Во всем регионе группы, подобные "Хизбут-Тахрир", пользуются неспособностью его стран создать настоящие светские институты, которые могли бы стать руслом для деятельности оппозиции. Наиболее крайним случаем является Туркменистан, власти которого целенаправленно лепили модель политического и экономического развития, которая, как утверждалось, соответствует национальным и культурным особенностям и в основном направлена на создание гражданской религии или культа личности первого и единственного президента страны.
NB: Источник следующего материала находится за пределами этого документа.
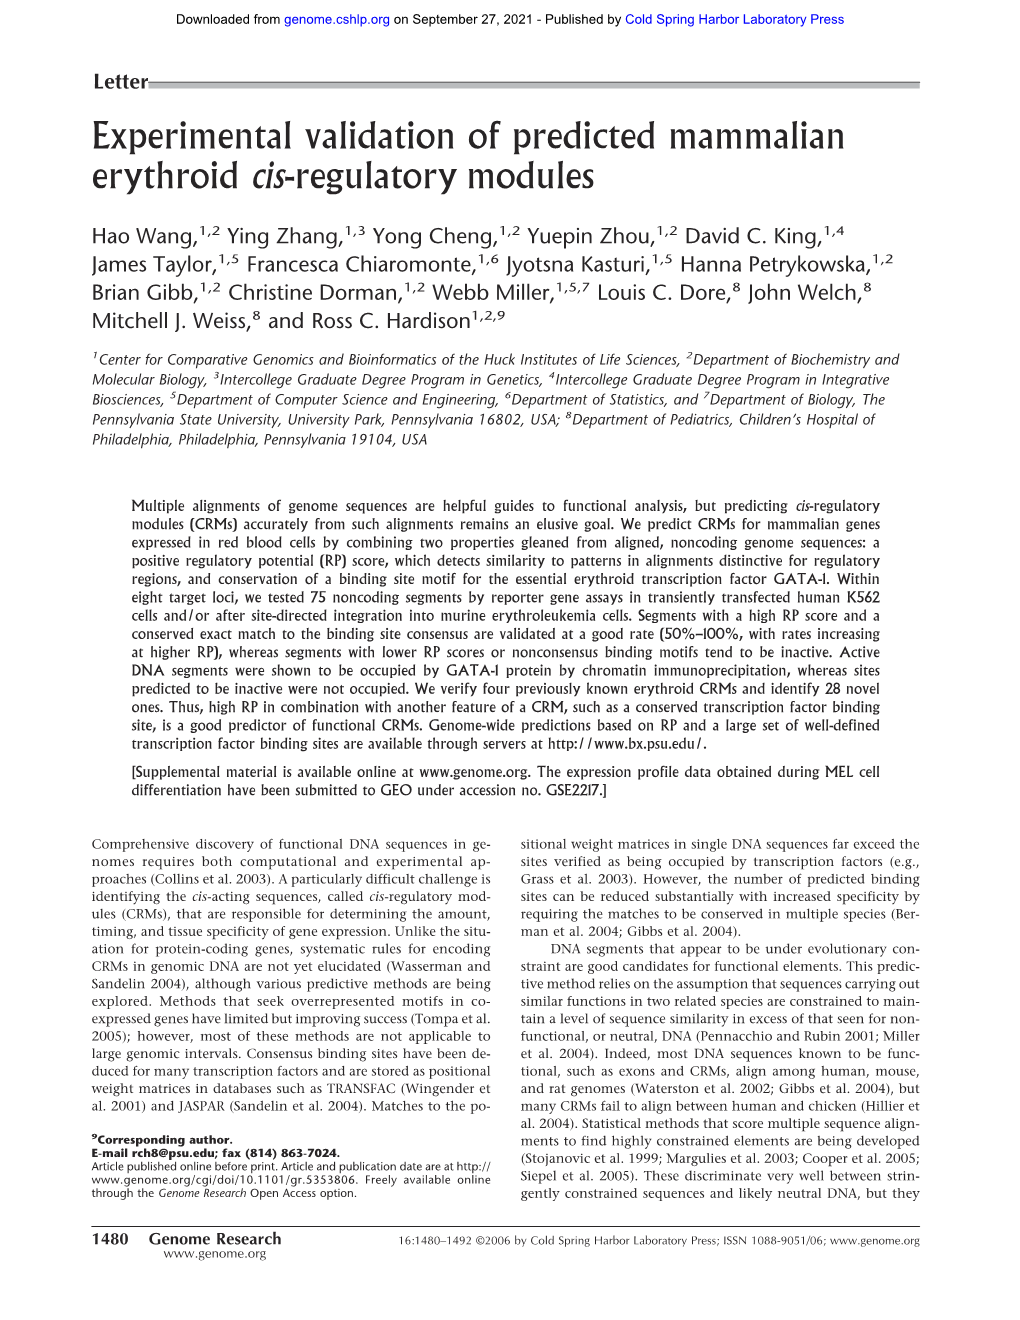 Experimental Validation of Predicted Mammalian Erythroid Cis-Regulatory Modules

Однако, повсеместно в регионе неудачи государственного строительства создают угрозу национальной безопасности в будущем. В отличие от ситуации несколькими годами ранее, когда в качестве исходной причины можно было ссылаться на обстановку в Афганистане, сегодняшний кризис процесса государственного строительства - в значительной мере порождение решений, которые принимались в самих столицах этих государств. Со стороны правительств стран региона было бы огромной ошибкой надеяться на то, что растущее военное присутствие США оградит их от последствий собственных решений.
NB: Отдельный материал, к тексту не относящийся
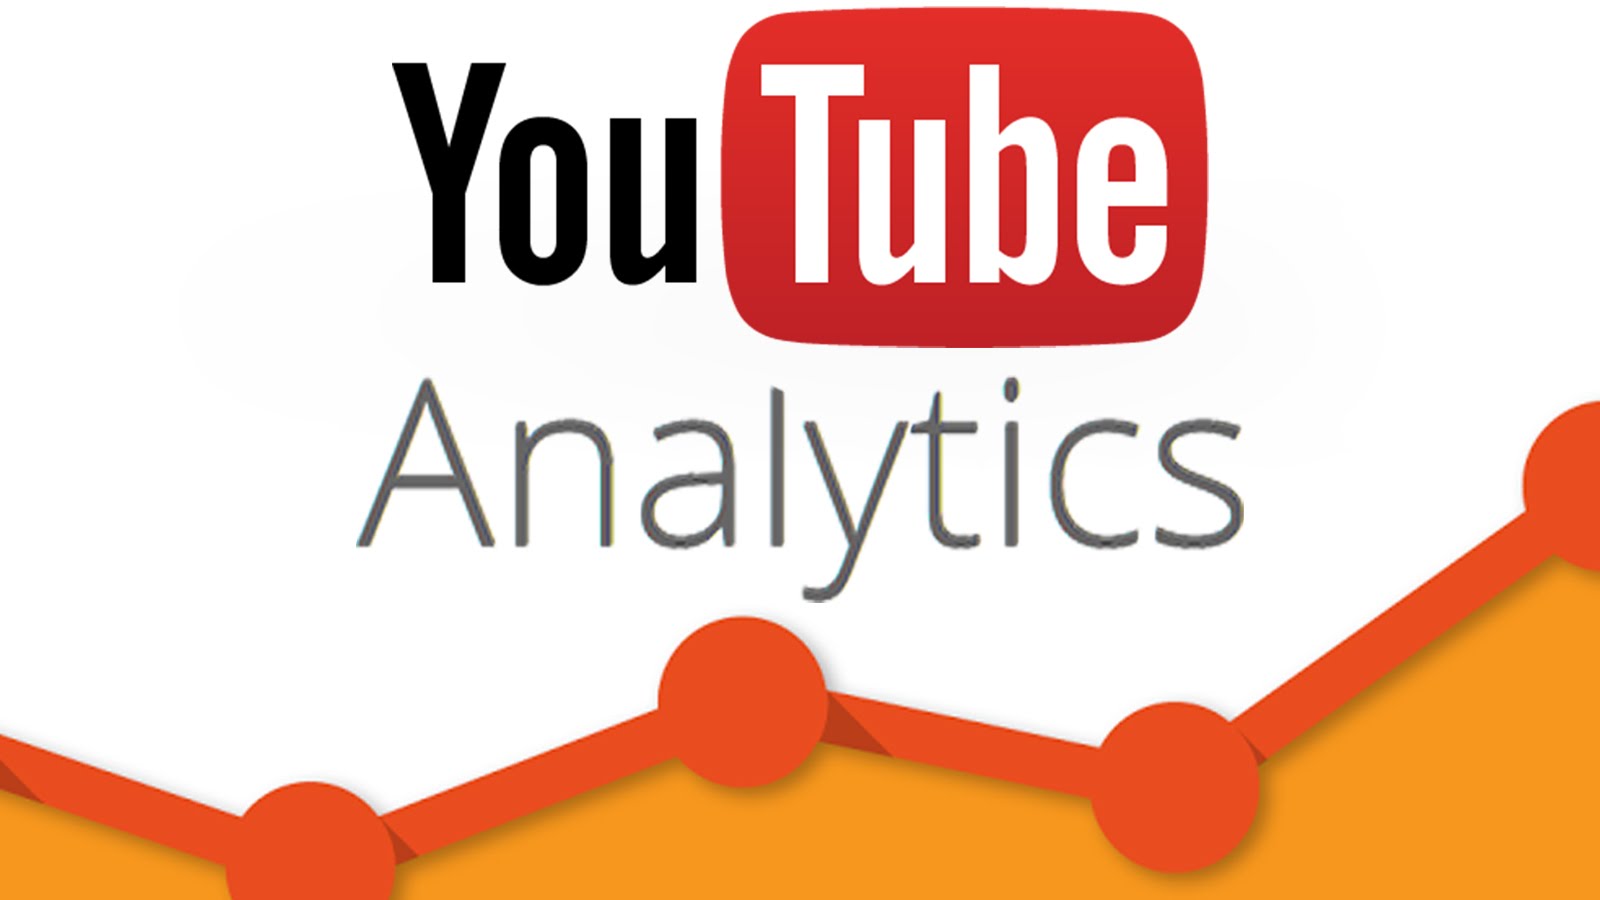 YouTube Analytic Tools

Связанный с обретением независимости период "медового месяца" подходит к концу, и, в сравнительном отношении для этих мест это все же был медовый месяц. Несмотря на войну в Таджикистане, на протяжении последнего десятилетия положение в Центральной Азии было намного более мирным, чем первоначально предполагалось. Однако, по мере старения региональных лидеров и роста их усталости, не может не нарастать отчаяние подвластного им и находящегося в политической изоляции населения, которое в некоторых случаях еще и все больше нищает.

Какое бы разочарование ни вызывали у поборников построения демократии некоторые из изменений, происходящих в России или на Украине, ситуация там, по сравнению с тем, что имеет место в Центральной Азии, весьма позитивна. Правительства таких государств, как Казахстан и Кыргызстан, которые поначалу хоть в ограниченной степени поддерживали идеалы демократических реформ, сейчас резко ограничивают свободу действий своих граждан и лишают группы политической оппозиции возможности играть хоть какую-то роль в обществе. В результате все больше людей теряет надежду перед лицом роста социально-экономического неравенства, отличающего сегодня эти общества, а также уменьшения возможности законного выражения своего разочарования в рамках существующей политической системы.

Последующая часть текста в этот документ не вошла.